# Halloween Psychology



## The Archivist (May 31, 2009)

I wonder what the head shrinks... heh,heh would say about our obsession with Halloween? Is there any real psychological basis or reasoning behind what we do? Hmmm.....

It would be an interesting paper to write for a class or submit to Psychology Today.


----------



## Devils Chariot (May 23, 2007)

Demystifying or mocking or familiarizing death makes it less scary. I dont fear death, except for when it is at hand.


----------



## KINGS CRYPT (Mar 22, 2009)

I mean we do it because we love it. I mean sure corpsing a skeleton is really wierd and morbid if you think about it, but the end result is pure enjoyment. Just like when you're young and you see a fluffy, yellow baby chick. It is the cutest little thing but we eat the damn things day after day. Sure a chick is cute, but we eat them because chicken tastes good.

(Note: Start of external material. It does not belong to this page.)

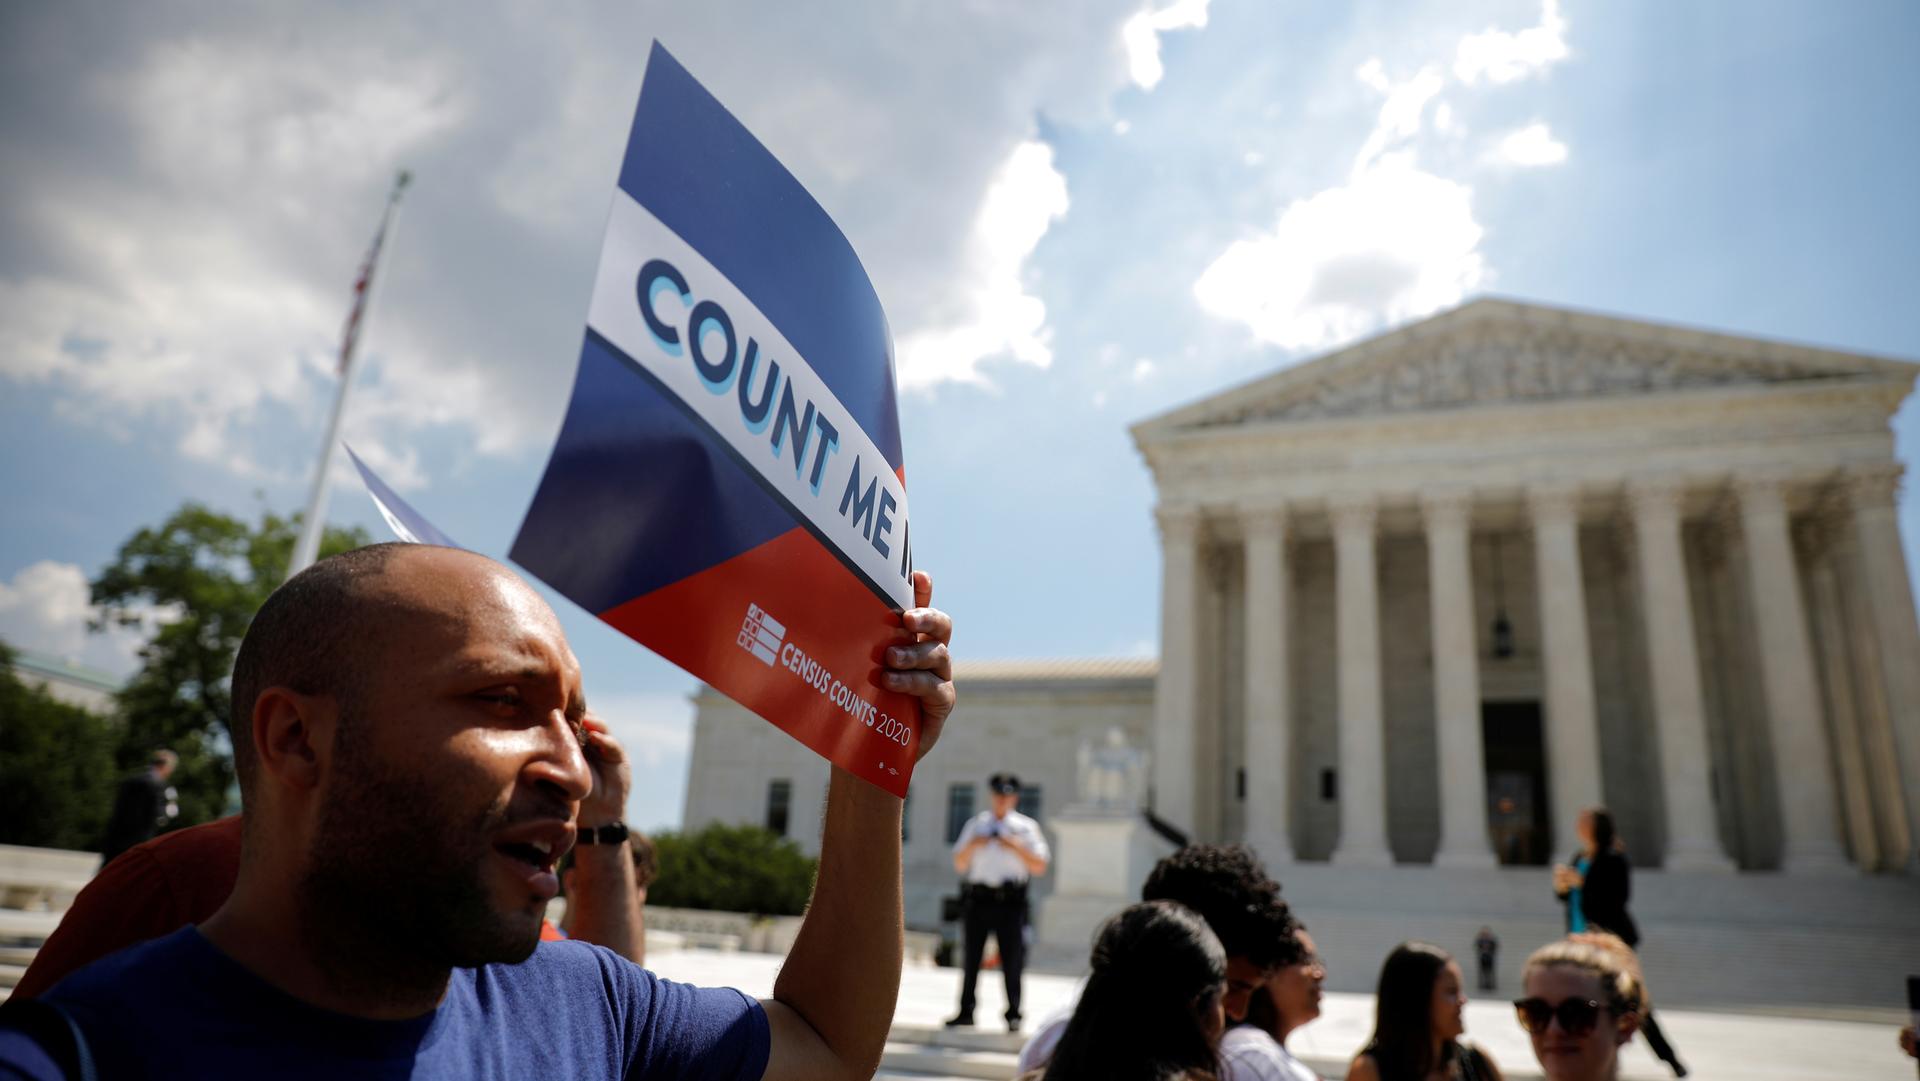 A man stands in front of the US Supreme Court building holding a sign that says "Count me"

Just like corpsing a blucky skeleton or making a severed head: it is extremely morbid and maybe inhumane, but the end product brings us pure joy when we display it in our front yard our when we recieve a nice comment here on the forum


----------



## Eldritch_Horror (Jul 27, 2008)

KINGS CRYPT said:


> I mean we do it because we love it. I mean sure corpsing a skeleton is really wierd and morbid if you think about it, but the end result is pure enjoyment. Just like when your young and you see a fluffy, yellow baby chick. It is the cutest little thing but we eat the damn things day after day. Sure a chick is cute, but we eat them because chicken tastes good. Just like corpsing a skeleton or making a severed head: it is extremely morbid and maybe inhumane, but the end product brings us pure joy.


Sooo... You eat corpses? 

j/k!


----------



## KINGS CRYPT (Mar 22, 2009)

Chicken corpses, don't we all , except the vegetarians. Mcdonalds:Chicken corpse capital of the world!!


----------



## KINGS CRYPT (Mar 22, 2009)

Eldritch_Horror said:


> Sooo... You eat corpses?
> 
> j/k!


 Yeah... I eat plastic, and latex corpses yes, very tasty.??................................................................. : Hey ma, whats for dinner?, "We're having plastic blucky corpses", what about some sauce?,"Okay, I'll serve it with my special latex and cotton sauce.", wow ma this is going to be a great dinner.


----------



## Don Givens (Dec 2, 2008)

I am a vegetarian.............I only eat stupid animals.


----------



## Devils Chariot (May 23, 2007)

It's not sick if you don't get intimate with your creations.


----------



## GothicCandle (Mar 26, 2007)

hmm...interesting post. I really am vegetarian...I wonder what that says? lol wont eat a chicken(or any animal) but loves halloween. Though I don't like gory stuff, I keep it kid friendly. My mom hates the new vampire prop i made today though, she says its gory(picture in unstructured thoughts)


----------



## Revenant (Mar 17, 2007)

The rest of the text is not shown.